All these creatures have lived in an unbroken chain leading to all of us.

This is really a vision, based on scientific research, that beats all of the religious visions about Gods and prophets and similar.

The vision of our true ancestry and heritage is so much mightier and so much more interesting and fascinating.

 

One litttle thought: maybe if I one day am standing in a museum and watching some fossil, then perhaps by some amazing chance, just that particular fossil happens to be a direct ancestor of mine. Is that not an utterly fascinating thing to think about?




Replies:
Posted By: Guests
Date Posted: 12 Sep 2009 at 11:32
You do realize, of course, that there are a great number of people who don't feel that the vision you have outlined is inconsistent with their respective religious beliefs.
 
-Akolouthos


Posted By: Carcharodon
Date Posted: 12 Sep 2009 at 11:42
Yes and that is okey.
Unfortunately there are also some (like the creationists who belive the earth is only 6000 years old) who would completely deny such a vision.
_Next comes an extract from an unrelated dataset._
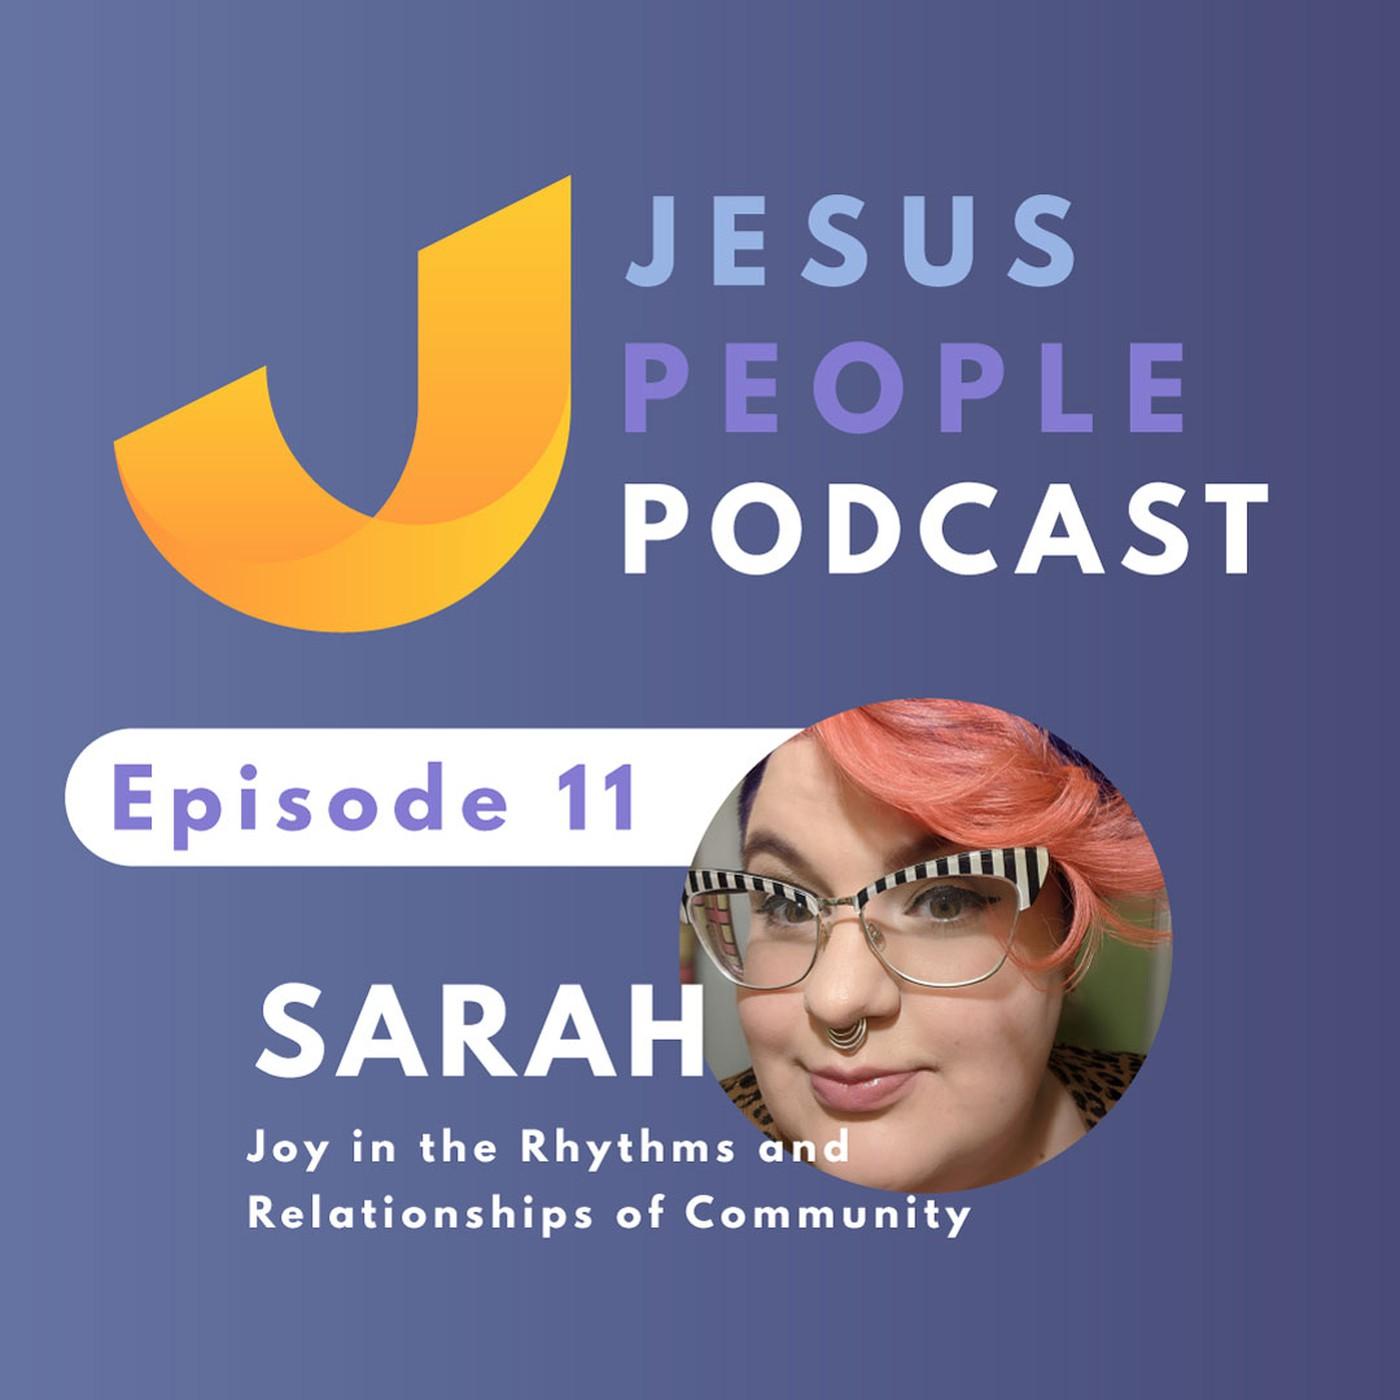 The Jesus People Podcast

In doing so they are actually denying the existence of most of their ancestors.


Posted By: Guests
Date Posted: 12 Sep 2009 at 11:55
Originally posted by Carcharodon Carcharodon wrote:

Yes and that is okey.
Unfortunately there are also some (like the creationists who belive the earth is only 6000 years old) who would completely deny such a vision. In doing so they are actually denying the existence of most of their ancestors.
 
Agreed. It is neither the right nor the province of theology to delve into questions that rightly devolve to the natural sciences.
 
-Akolouthos
 
P.S. As I mentioned to my dear friend Constantine, the earth is far more than 6000 years old; why only recently we entered the year of the world 7518. WinkLOL Of course, I jest.
 


Posted By: Guests
Date Posted: 12 Sep 2009 at 13:30
I do find the story of how billions of years of struggle and transformation have led to the creatures we see in the world today (including us). That life continued to find a way, despite meteor impacts and the catastrophic effects of when the entire planet froze 700 million years ago, is simply inspirational. It is a complex tale requiring quite a bit of study to grasp the how of it occurring, but well worth the effort. Kind of like persevering in a hike up a mountain in order to gain the most awe inspiring and magnificent view of the world around you once you get on top of it.


Posted By: Omar al Hashim
Date Posted: 12 Sep 2009 at 13:42
My mother would describe that as a Praise-God-moment


Posted By: Guests
Date Posted: 13 Sep 2009 at 11:43
Originally posted by Constantine XI Constantine XI wrote:

I do find the story of how billions of years of struggle and transformation have led to the creatures we see in the world today (including us). That life continued to find a way, despite meteor impacts and the catastrophic effects of when the entire planet froze 700 million years ago, is simply inspirational. It is a complex tale requiring quite a bit of study to grasp the how of it occurring, but well worth the effort. Kind of like persevering in a hike up a mountain in order to gain the most awe inspiring and magnificent view of the world around you once you get on top of it.
 
Interesting stuff indeed. Incidentally, I was wondering how reliable the History Channel documentaries on these matters were for a layman like myself. They're quite interesting, but how good is the information I'm getting from them? The only reason I'm a bit reluctant to follow them is because of the ridiculous popular nonsense that often makes it into their history programming.
 
-Akolouthos


Posted By: es_bih
Date Posted: 13 Sep 2009 at 12:45
Thing is Charch your original post coincides with my religious views, and what the Quarn among other texts hint at. Ignorant people are found on both sides of the argument. It is only ignorant religious people that actually think science and religion don't go hand in hand. They very much do.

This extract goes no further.